Member of the Wisconsin Senate from the 3rd district
- In office June 5, 1848 – January 1, 1849
- Preceded by: Position established
- Succeeded by: James Fisher

Personal details
- Born: January 11, 1812 New Jersey, U.S.
- Died: August 11, 1851 (aged 39) Prairie du Chien, Wisconsin
- Resting place: Calvary Cemetery, Prairie du Chien, Wisconsin
- Party: Democratic
- Spouse: Madeline Fisher ​ ​(m. 1850⁠–⁠1851)​

= Daniel G. Fenton =

American politician (1812–1851)

Daniel G. Fenton (January 11, 1812 – August 11, 1851) was an American lawyer and politician who served in the 1st Wisconsin State Senate. A Democrat, he represented the 3rd senatorial district, which at the time comprised the counties of Chippewa, Crawford, La Pointe, and St. Croix. In 1848, those four counties made up the entire northwestern quadrant of the state.

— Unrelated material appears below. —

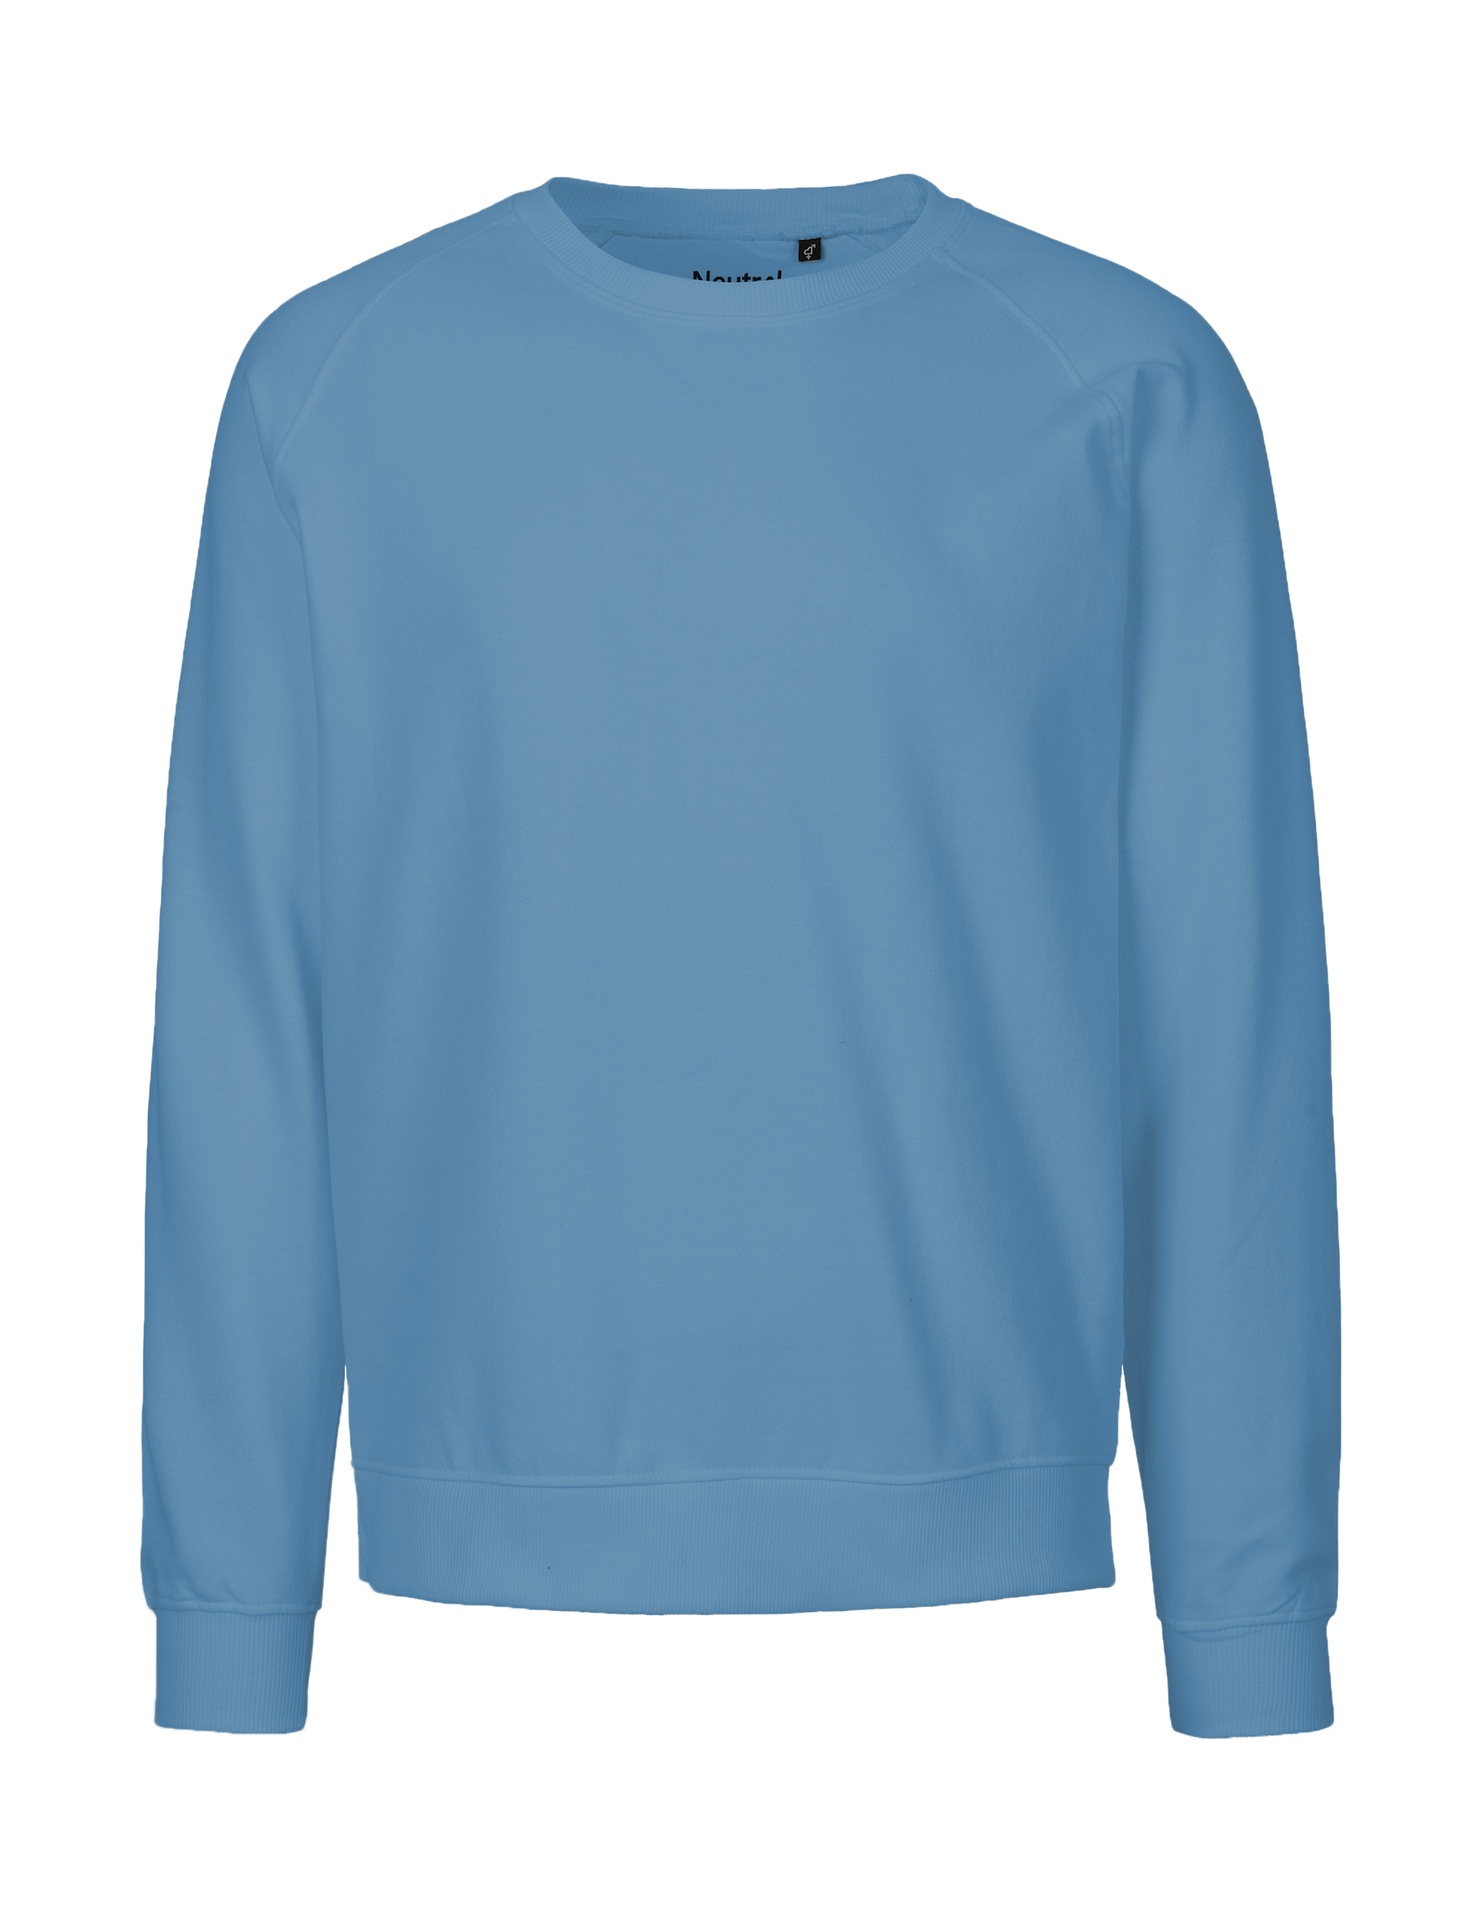 [PR/02838] Unisex Sweatshirt (Dusty Indigo 41, 3XL)

Wisconsin Senate District 3 in 1848.

== Background ==
Fenton was born in New Jersey (as of 1815, his mother was alive and living in Trenton) and educated in Pennsylvania. He arrived in Wisconsin Territory in 1836, practicing law first at Mineral Point before removing to Prairie du Chien, where he lived the rest of his life.

== Public office ==
Fenton was clerk of court for Crawford County when he was chosen as the delegate to the Wisconsin Territory's Second Constitutional Convention from Chippewa and Crawford Counties, replacing Peter A. R. Brace. At the convention, he advocated a western boundary for Wisconsin deep into the Minnesota country, running from the rapids of the St. Louis River above Duluth-Superior southwest to the juncture of the Rum River with the Mississippi, and thence to the Illinois line. (This wedge of additional territory included the sites of St. Paul and Stillwater, and indeed the entire St. Croix Valley.) This motion passed in the Convention by a 53–3 margin, but was eventually rejected by Congress in favor of the present boundary line. The most extensive analysis of this effort points out surviving letters demonstrating that Fenton was an ally of Hercules Dousman and hoped that the advocates for a Minnesota Territory would push for cession of Dakota Indian lands, thus providing the Dakota with money to pay debts owed to Dousman.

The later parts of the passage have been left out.